Reading the status endpoint

client.sessions.captchas.status(session_id) returns one entry per open page. Each entry carries:

  • pageId and url for the tab.
  • isSolvingCaptcha: true while Steel is actively working on that page.
  • tasks: per-challenge status strings like solving, solved, failed_to_detect, failed_to_solve.
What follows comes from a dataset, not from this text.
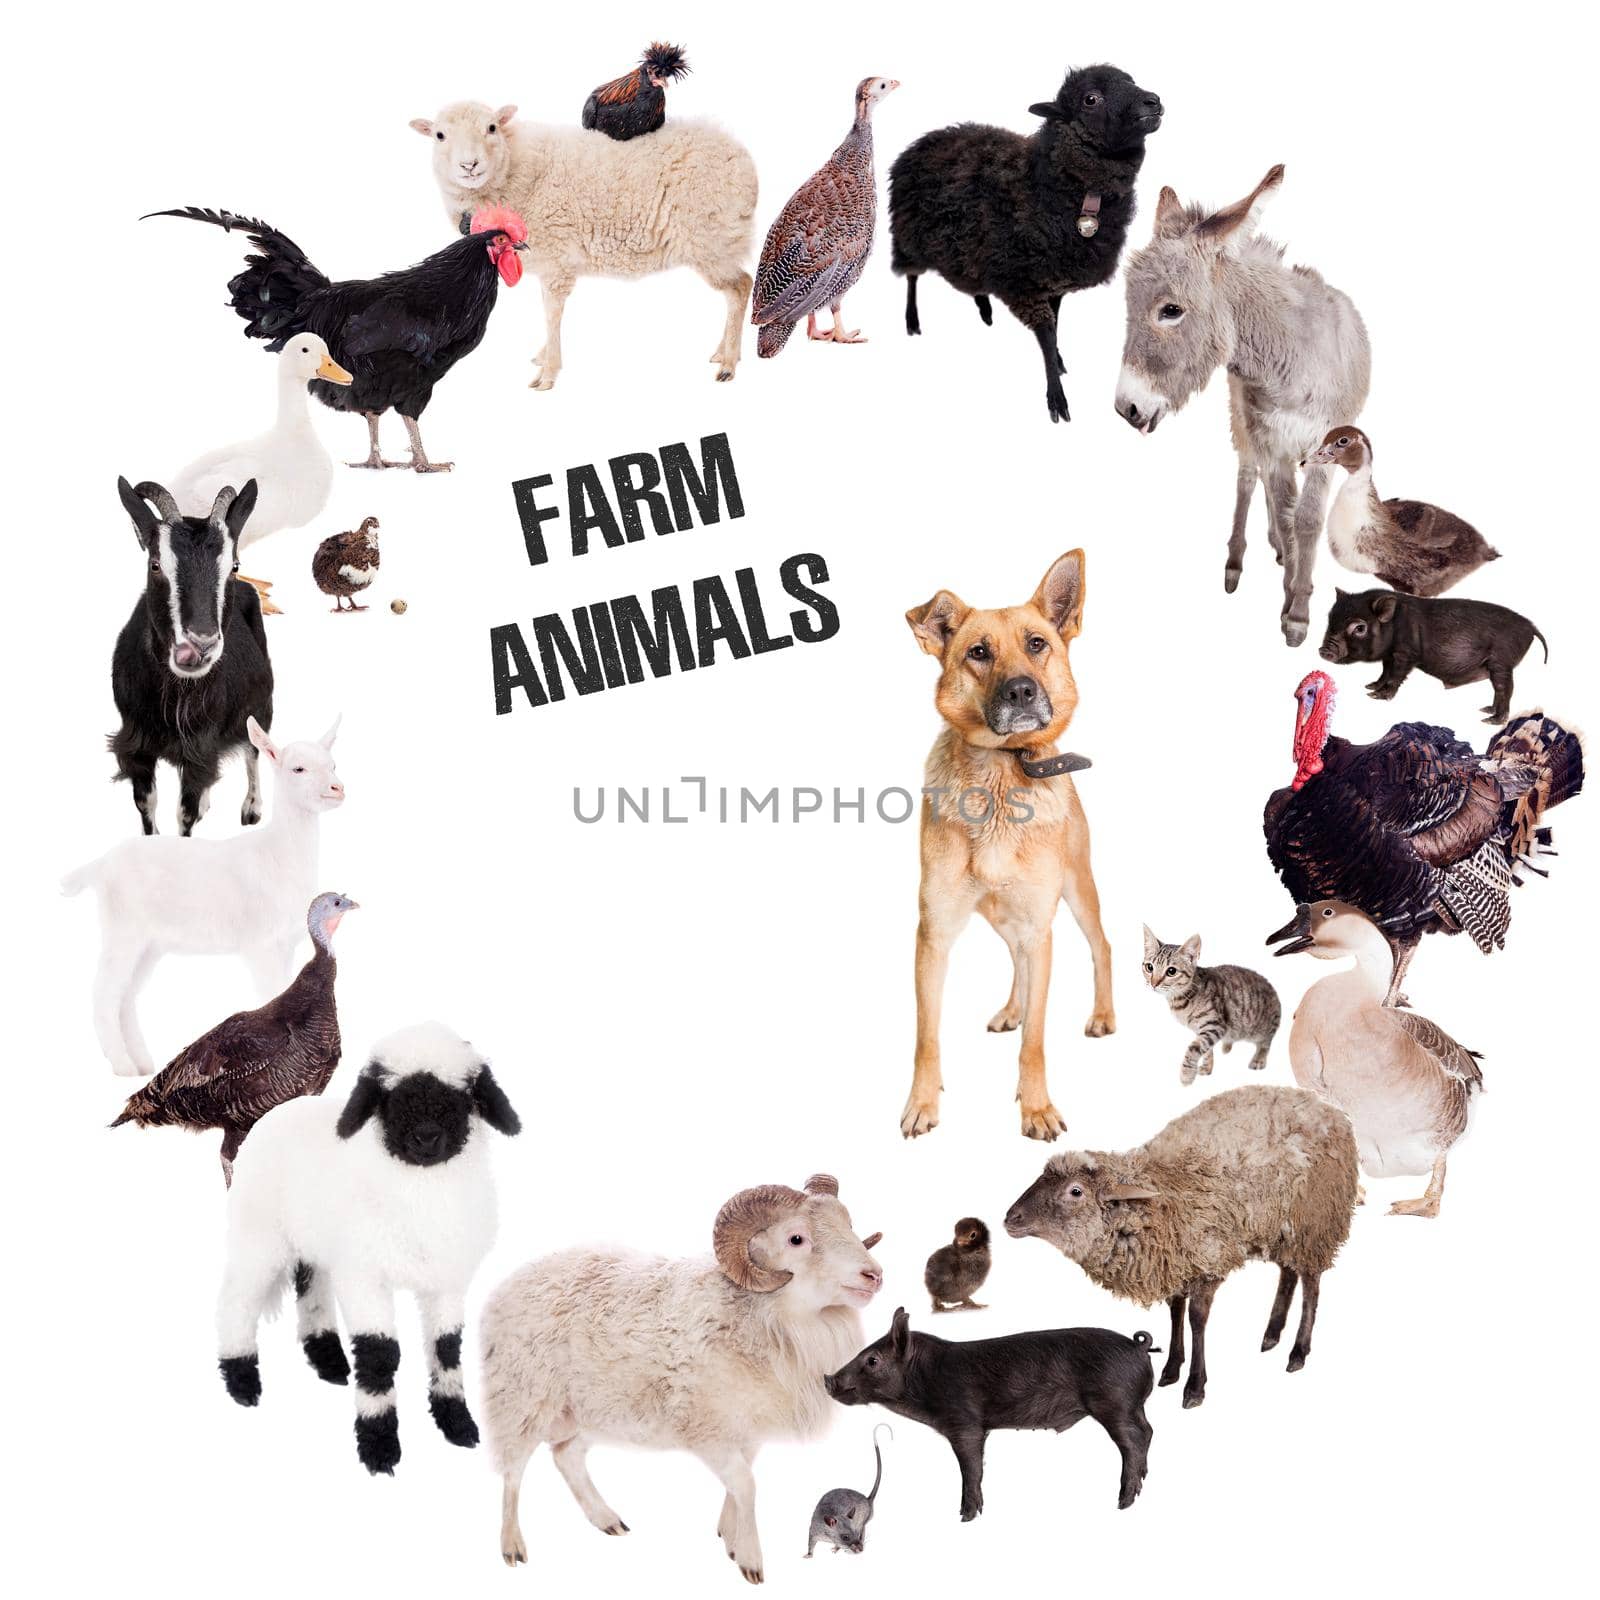 Different farm animals set on white background by RosaJay
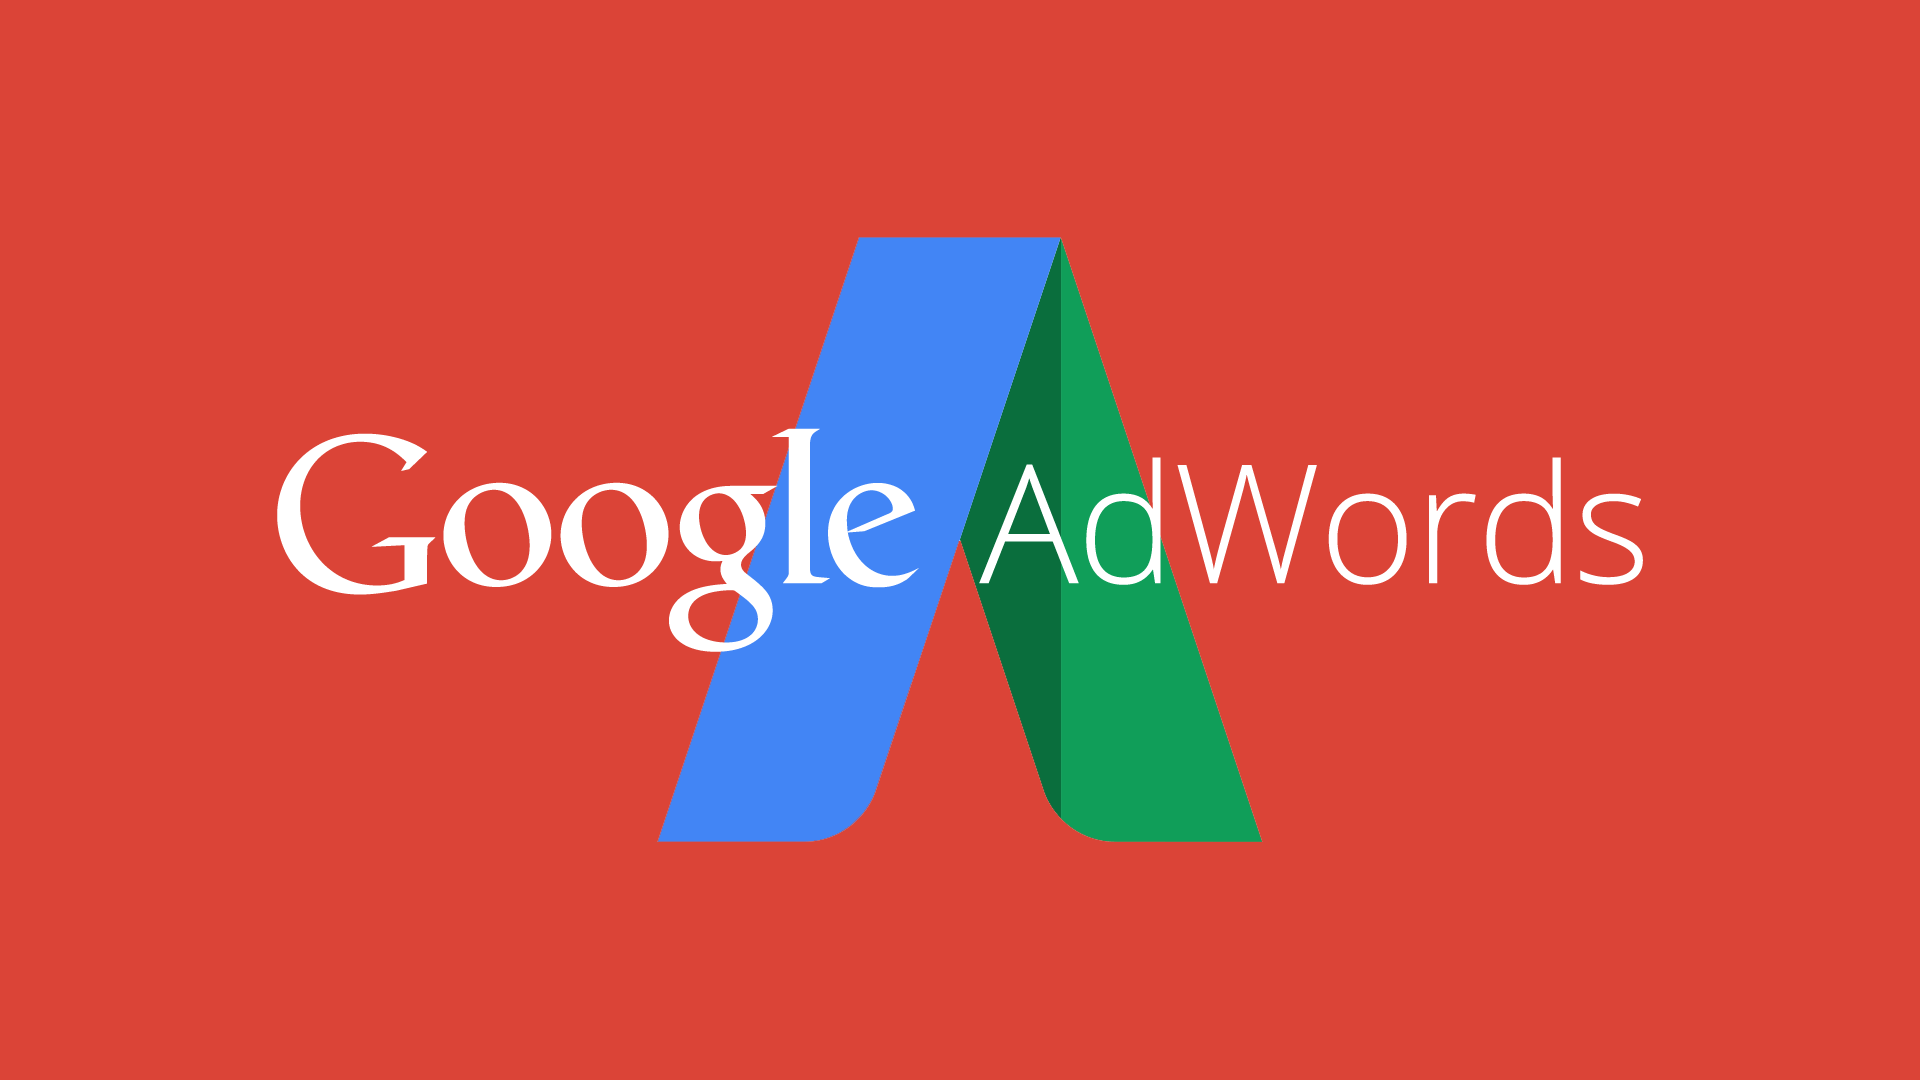 What is Google Adwords?

_summarize_states rolls those per-page counts into totals so the agent sees a compact summary instead of raw page objects. The only invariant the tool itself depends on is _has_active_captcha: return once no page is still solving. If you want richer logic (fail early on failed_to_solve, surface the specific page URL, give up after N failures), extend the summary helper.

Make it yours

  • Point at a real target. Replace the TASK string with the actual flow: "sign up at example.com with these details". Keep the instruction to call wait_for_captcha_solution when a CAPTCHA appears; everything else, the agent figures out.
  • Tune the poll loop. wait_for_captcha_solution uses timeout_ms=60000 and poll_interval_ms=1000. Image grids and audio fallbacks sometimes need 90-120 seconds. A 2-3 second poll cuts API calls without noticeable delay.
  • Fail loud on solver failure. The current summary counts failed tasks but the tool does not short-circuit on them. Check summary["failed_tasks"] > 0 inside the loop and return an error string so the agent can retry or abort.
  • Combine with stealth. sessions.create() accepts use_proxy=True and session_timeout=1800000 alongside solve_captcha=True. Sites that CAPTCHA you aggressively usually want all three.